Take a look at http://www.eftaylor.com/pub/chapter2.pdf if you get a chance, an excerpt from Taylor and Wheeler's book "Exploring black holes". They have an example there of how you could measure the shape of a rowboat by driving nails into it, and precisely measuring the distances between nails with strings running along the surface of the rowboat.

The mathematical object in General Relativity that gives you distances between points (and also the more general space-time equivalent, the Lorentz interval) is called a metric.

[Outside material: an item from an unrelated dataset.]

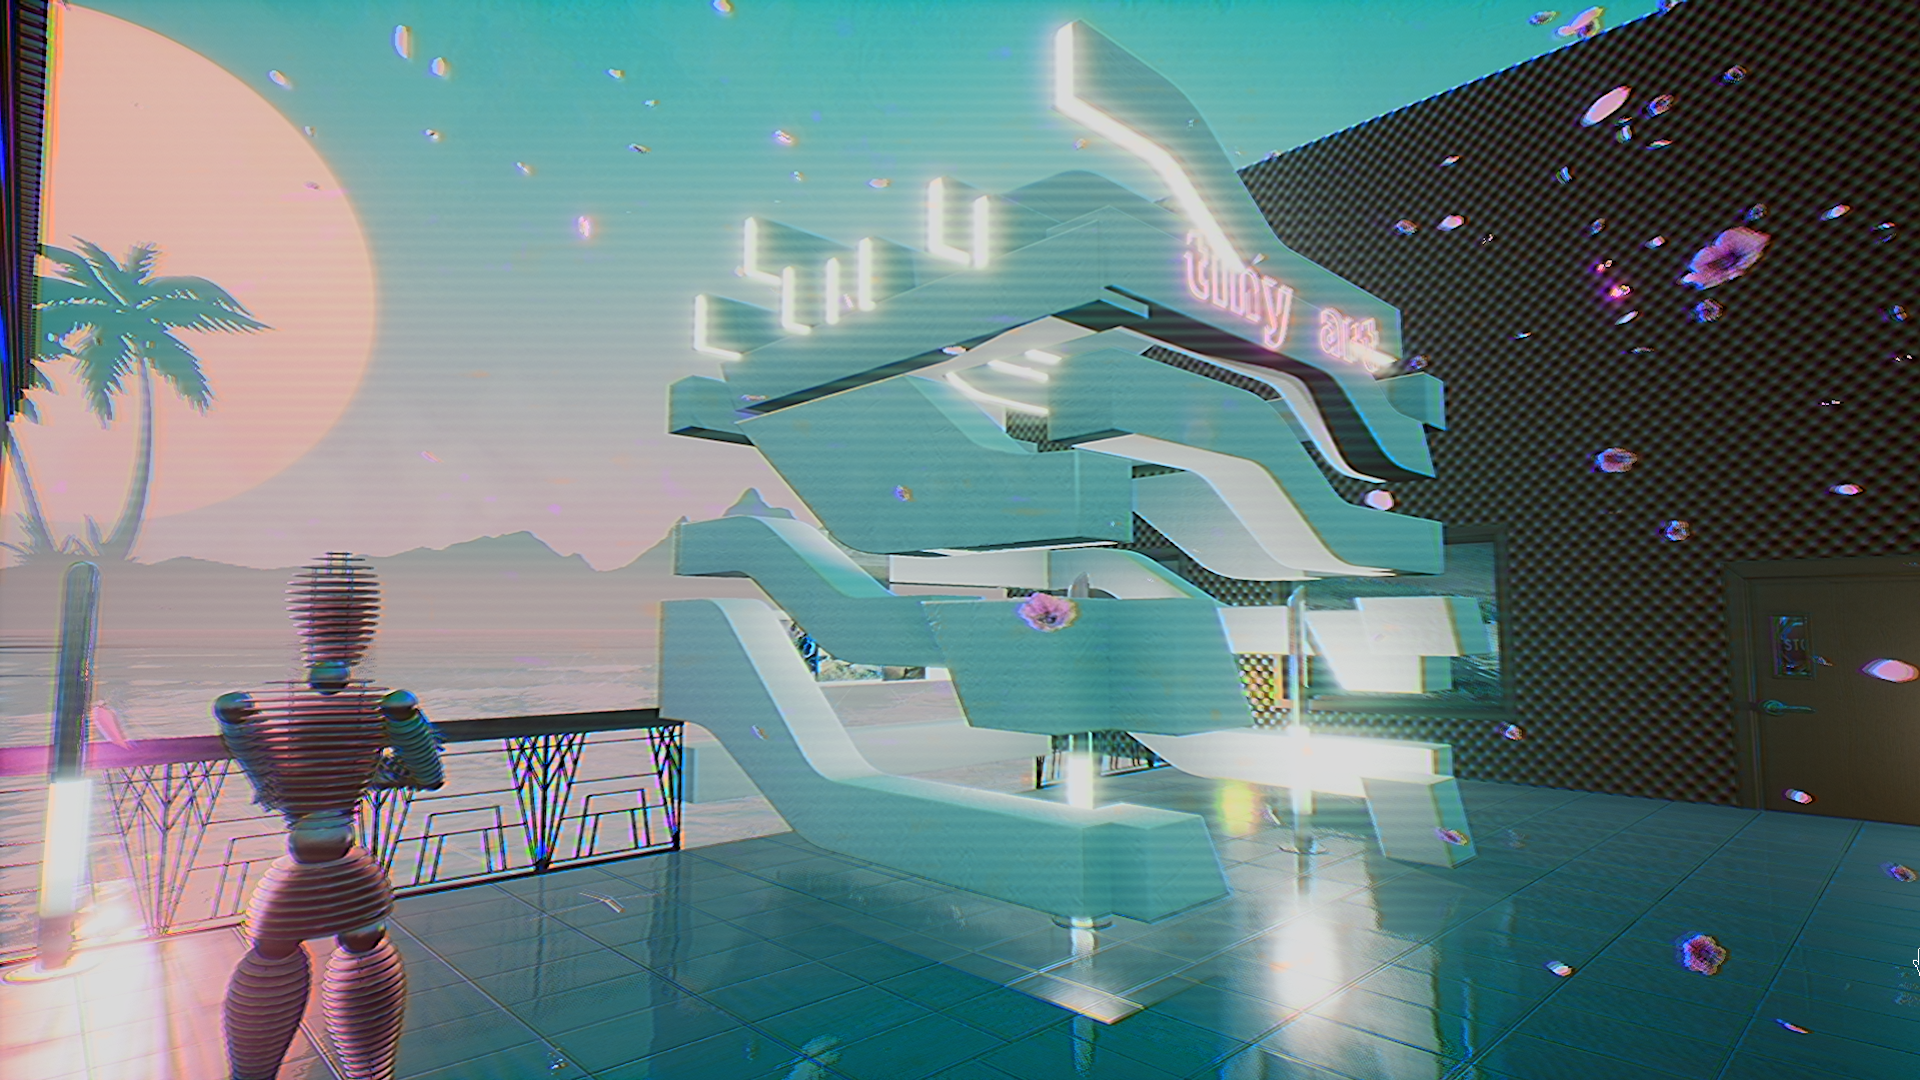 A futuristic gallery with '80s-style neon

Einstein's field equations are basically equations that the metric must satisfy, given the matter distribution. So the short answer to your question is that you define the shapes by the metric, which can be regarded as a tool that gives you the distance between every pair of events on the space-time manifold, which are analogous to the nails that you drove into the hull of the rowboat.
 
berra said:
Say you have a box with a round marble on it. Classically I would have no problem describing that, but how is it done in general relativity? Do one just assume that the marble is round and that the box is ... boxy... in the 3D subspace at a certain foil of time? (Foliation is the correct term right?) Or does one iteratively perturb/deform the (materials) geometry, until Einsteins laws with the stress energy tensor etc is satisfied? I'm asking because I have a gut feeling that a round marble isn't round in general relativity. And also because every single textbook I have read have been void of examples.

Thanks!

You do not need GR to describe your setup. According to GR we live in a locally minkowskian geometry that is 'carried' with us as we go through time ( and possibly space).

Your local frame in your lab is as close enough to Euclidean/Minkowski over a large enough volume, to use those models.

The deviation of the local coordinates from flatness is calculable ( actual numbers !).